* Assignment *
All of the data below should be printed again word for word, pictures excluded.

* Data shown *
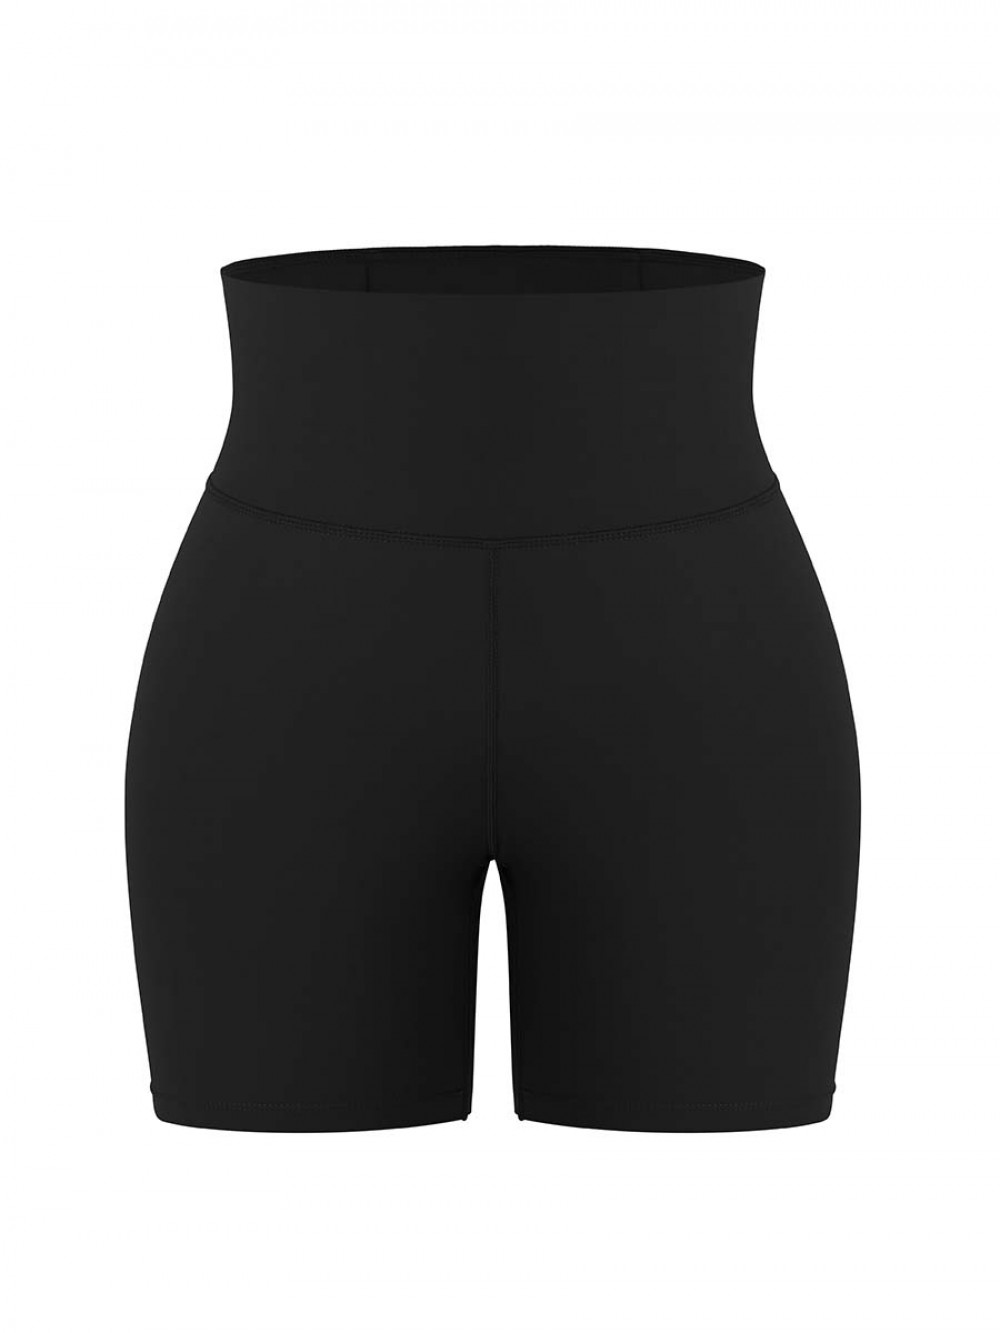 New Design Elasticity Scrunch Butt Shigh Waist Yoga Shorts
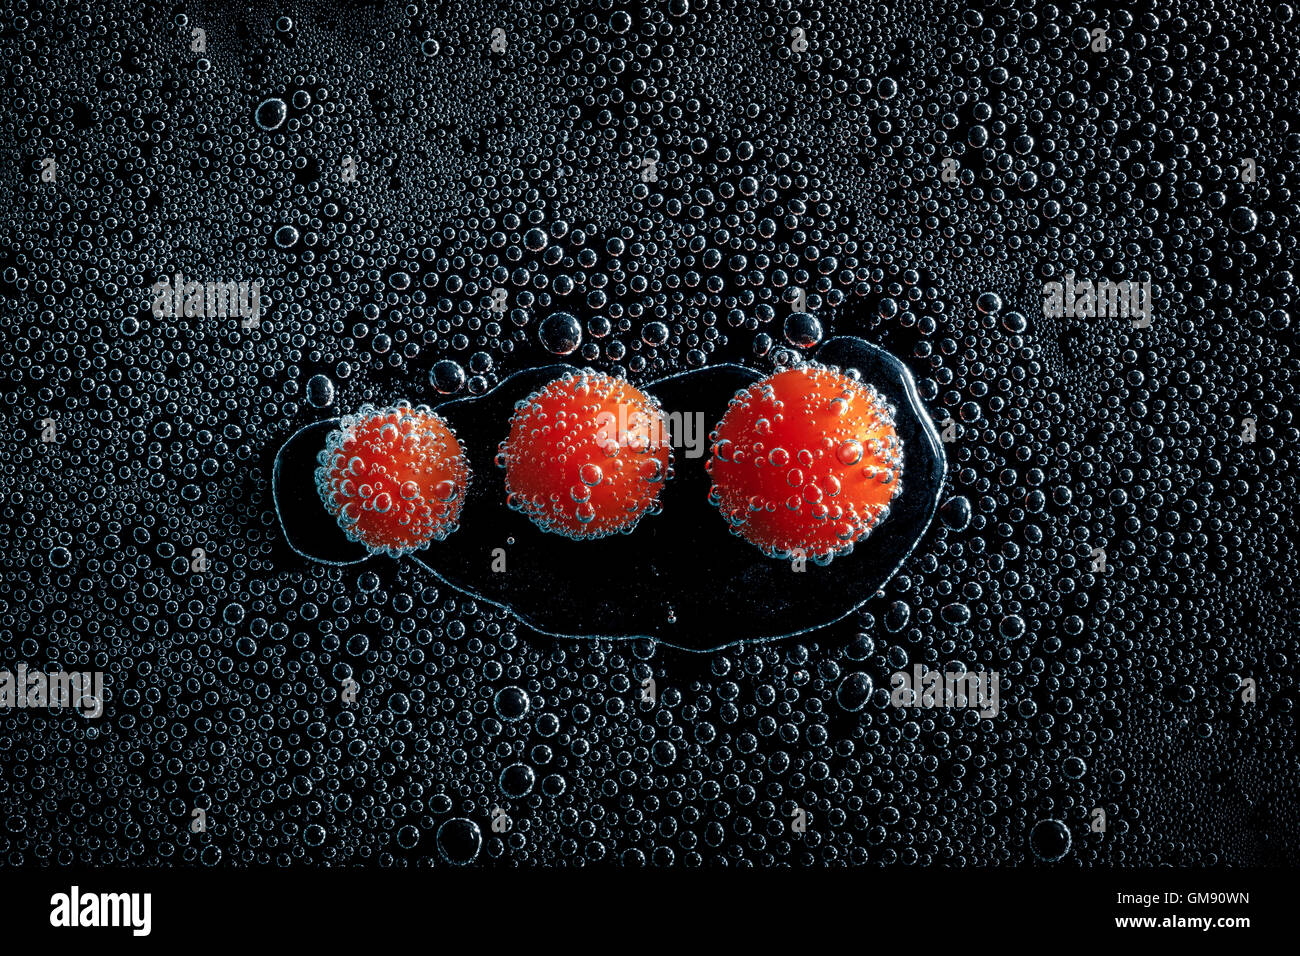 Tomates cerises dans de l'eau minérale, une série de photos. Close-up de l'eau gazéifiée sur fond noir, conceptuel Banque D'Images
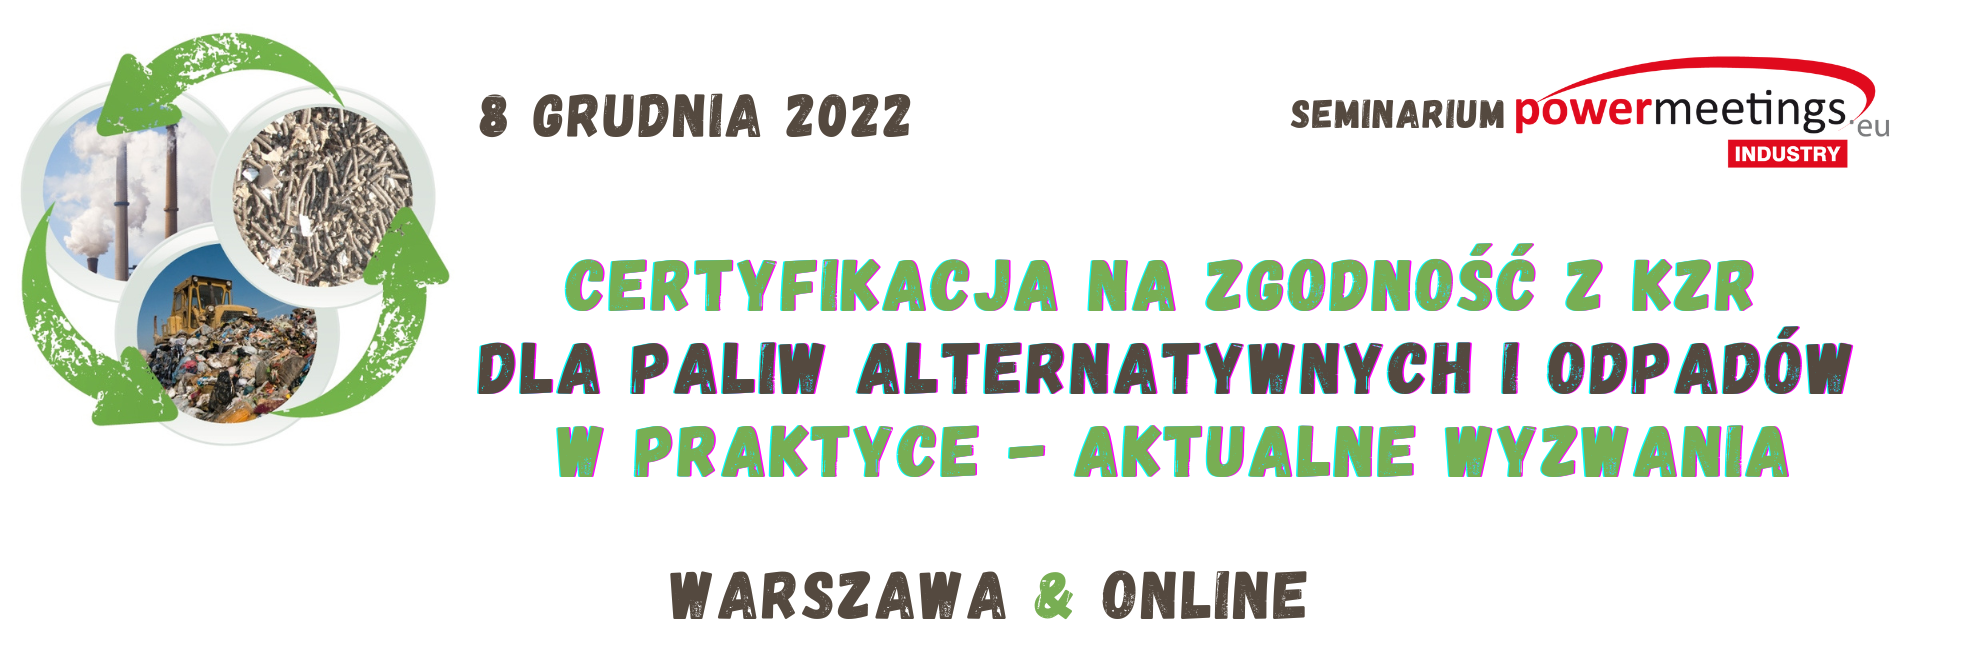 Certyfikacja na zgodność z KZR dla paliw alternatywnych oraz odpadów grudzień 2022

* Answer for this exercise *
 New Design Elasticity Scrunch Butt Shigh Waist Yoga Shorts
 Tomates cerises dans de l'eau minérale, une série de photos. Close-up de l'eau gazéifiée sur fond noir, conceptuel Banque D'Images
 Certyfikacja na zgodność z KZR dla paliw alternatywnych oraz odpadów grudzień 2022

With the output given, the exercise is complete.